The extraction unit 152 sets P = I2 (step S204). The extraction unit 152 determines whether a condition of P > NP_PG is satisfied (step S205). When the condition of P > NP_PG is not satisfied (step S205, No), the extraction unit 152 proceeds to step S207.

On the other hand, when the condition of P > NP_PG is satisfied (step S205, Yes), the extraction unit 152 sets P = NP_PG (step S206).

The extraction unit 152 determines whether a condition of P ≤ NP_PG is satisfied (step S207). When the condition of P ≤ NP_PG is not satisfied (step S207, No), the extraction unit 152 stores NP (step S208).

On the other hand, when the condition of P ≤ NP_PG is satisfied (step S207, Yes), the extraction unit 152 executes the eigenvalue performance measurement PG and measures execution time T of the eigenvalue performance measurement PG (step S209).

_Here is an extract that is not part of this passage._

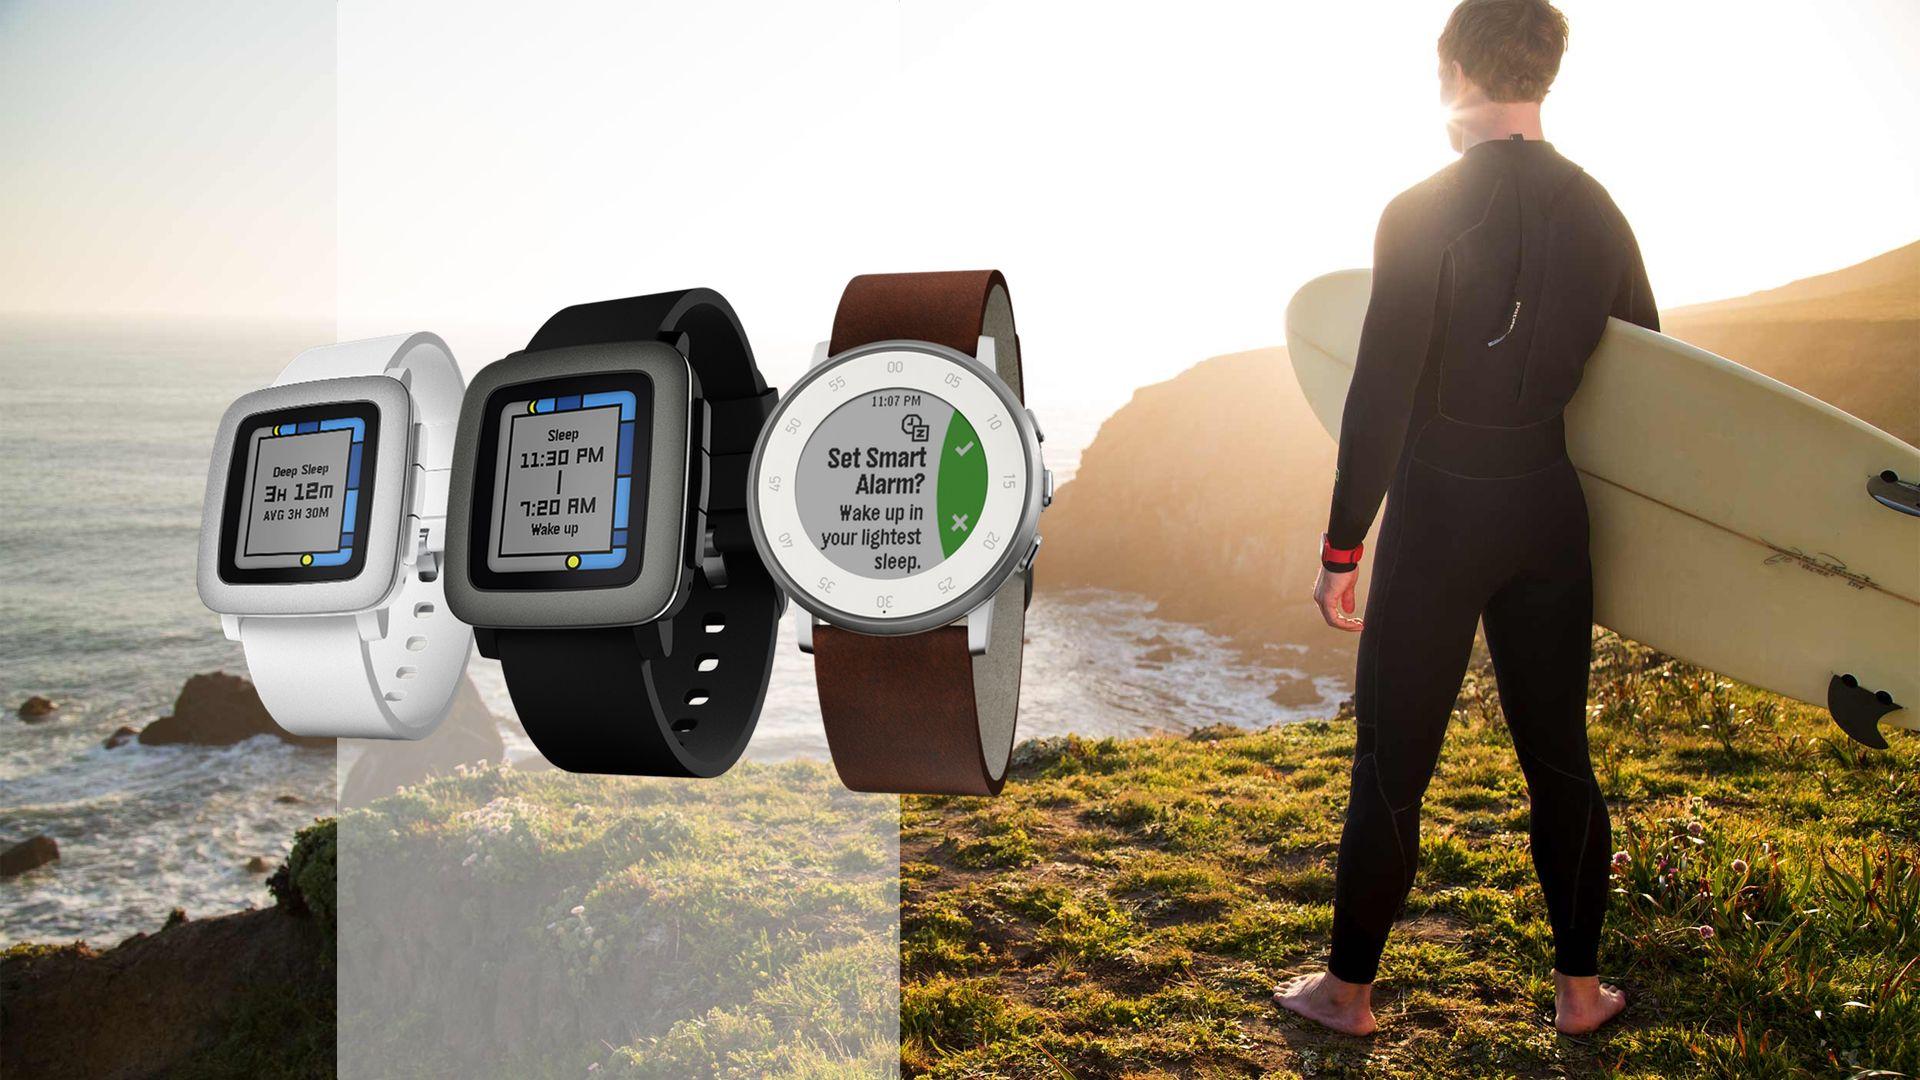 Smartwatch full hd wallpaper

The extraction unit 152 sets I = I + 1 (step S210), and proceeds to step S204.

Next, the processing of executing the eigenvalue performance measurement PG illustrated in step S209 in FIG. 4 will be described. The extraction unit 152 generates symmetric dense matrix sample data having the same matrix size as the matrix size (N). The extraction unit 152 calls the eigenvalue calculation library routine 142 and executes the performance measurement program for eigenvalue calculation on the symmetric dense matrix sample data, thereby extracting the number of processes (NP) with maximum calculation performance that maximizes the eigenvalue calculation performance.

When the number of processes of the program (NP_PG) and the number of processes of eigenvalue calculation are the same, the extraction unit 152 executes the following processing. For convenience, description will be given with the number of processes of the program (NP_PG) = M.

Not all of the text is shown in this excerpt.